• **Task prompt**: Within the listing below, give again exactly the lines between the one containing "El legendario freeskier" and the one containing "الجيش: توقيف مطلوبين", inclusive, pictures left aside.

• **Exercise data**:
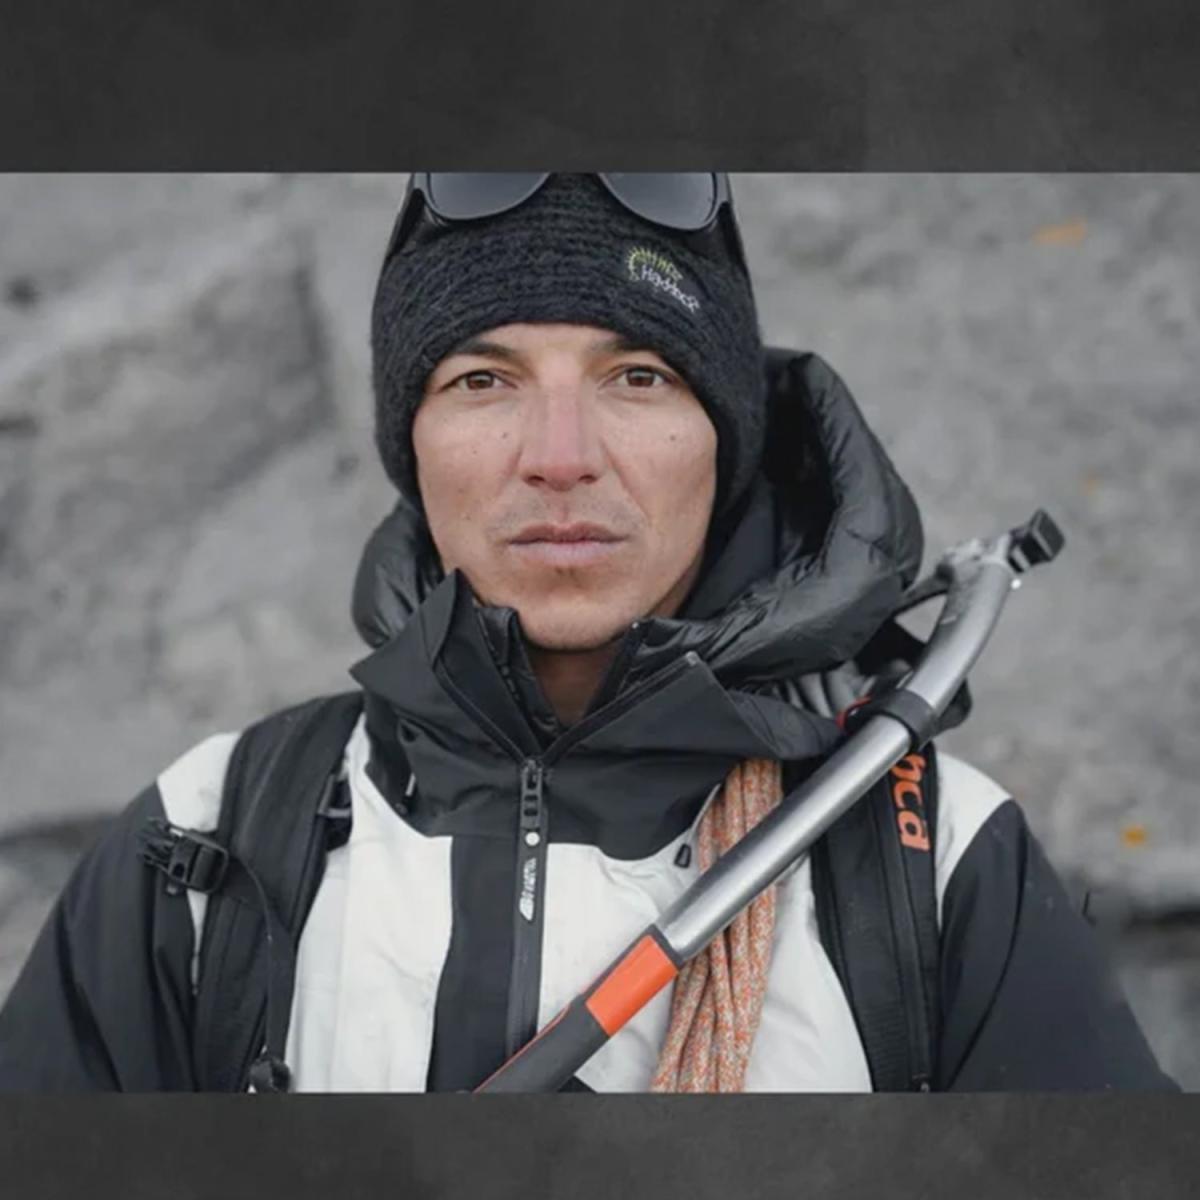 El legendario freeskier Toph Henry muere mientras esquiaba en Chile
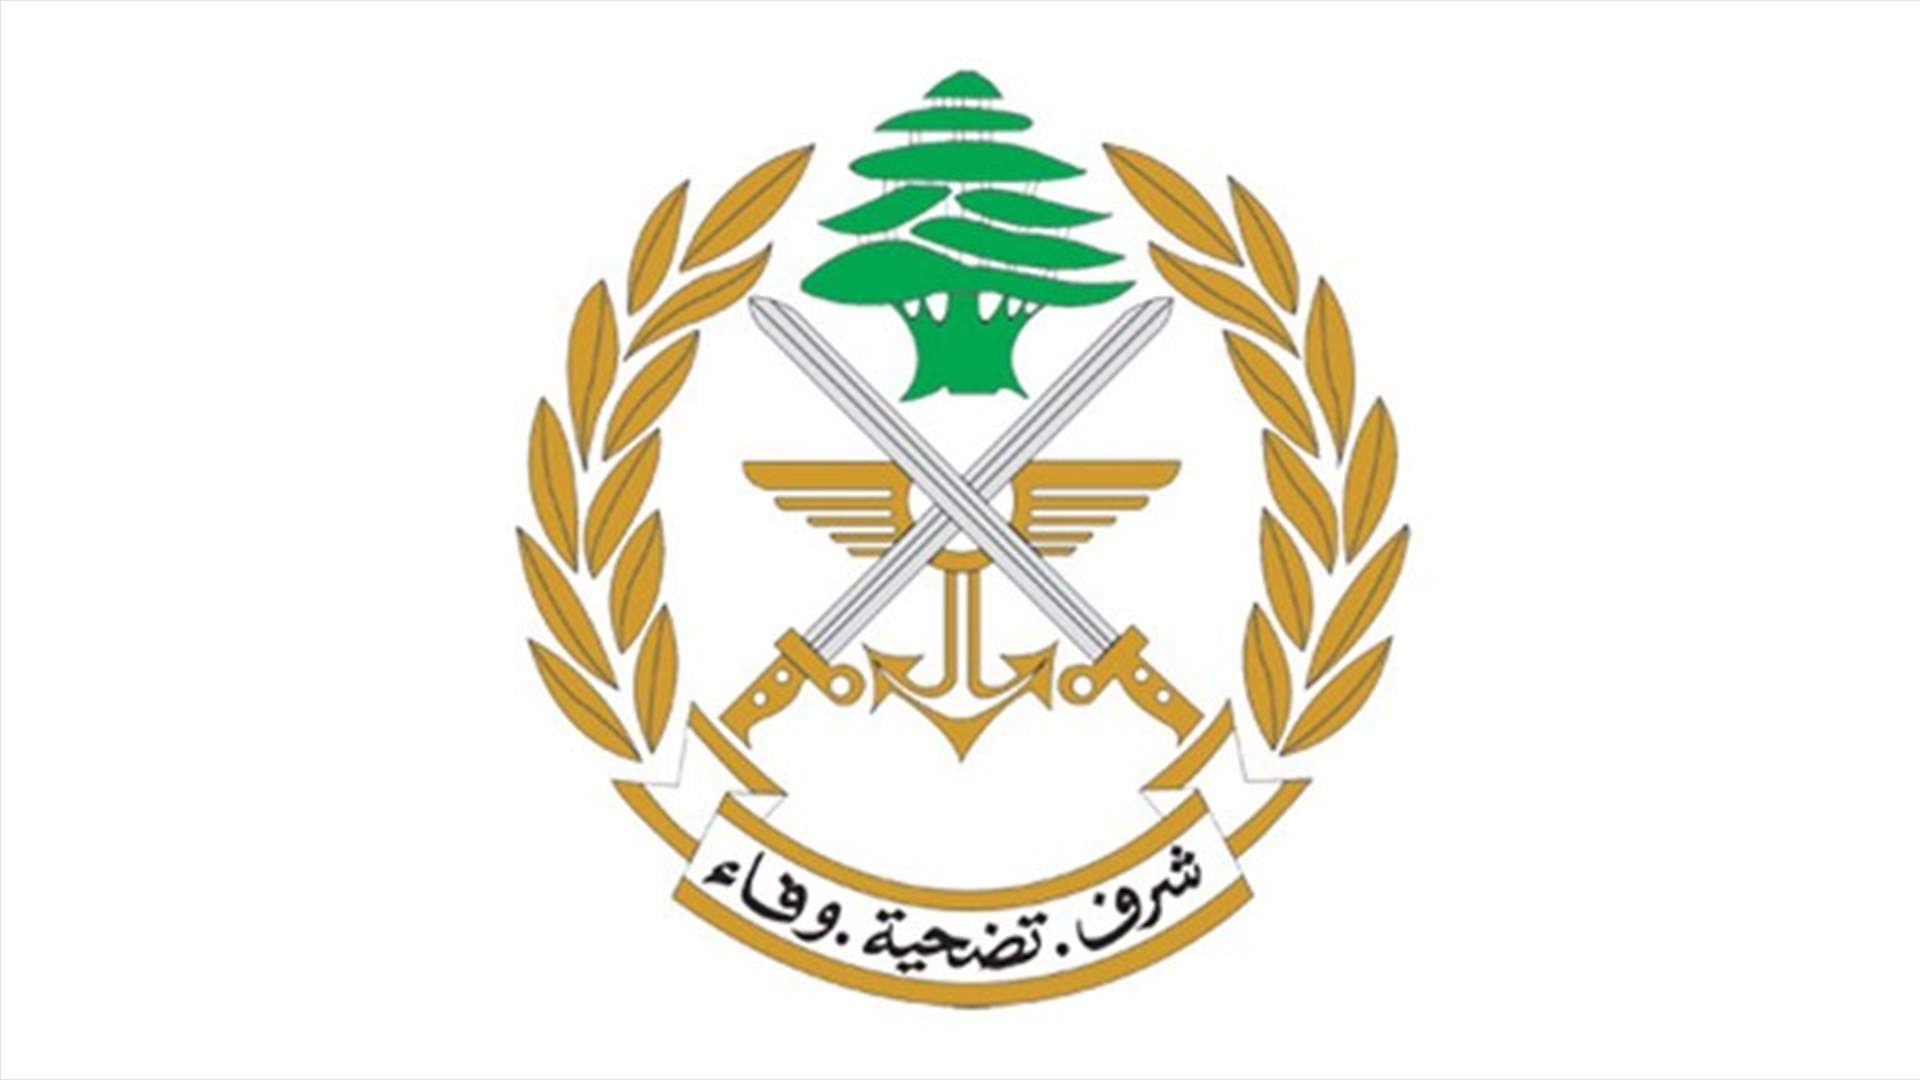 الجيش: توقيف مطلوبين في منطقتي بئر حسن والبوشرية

* * *

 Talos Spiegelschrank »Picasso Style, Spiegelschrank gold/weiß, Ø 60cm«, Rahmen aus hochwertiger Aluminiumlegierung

* * *

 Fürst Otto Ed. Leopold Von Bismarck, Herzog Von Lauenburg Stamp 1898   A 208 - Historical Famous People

• **Worked solution**:
 El legendario freeskier Toph Henry muere mientras esquiaba en Chile
 الجيش: توقيف مطلوبين في منطقتي بئر حسن والبوشرية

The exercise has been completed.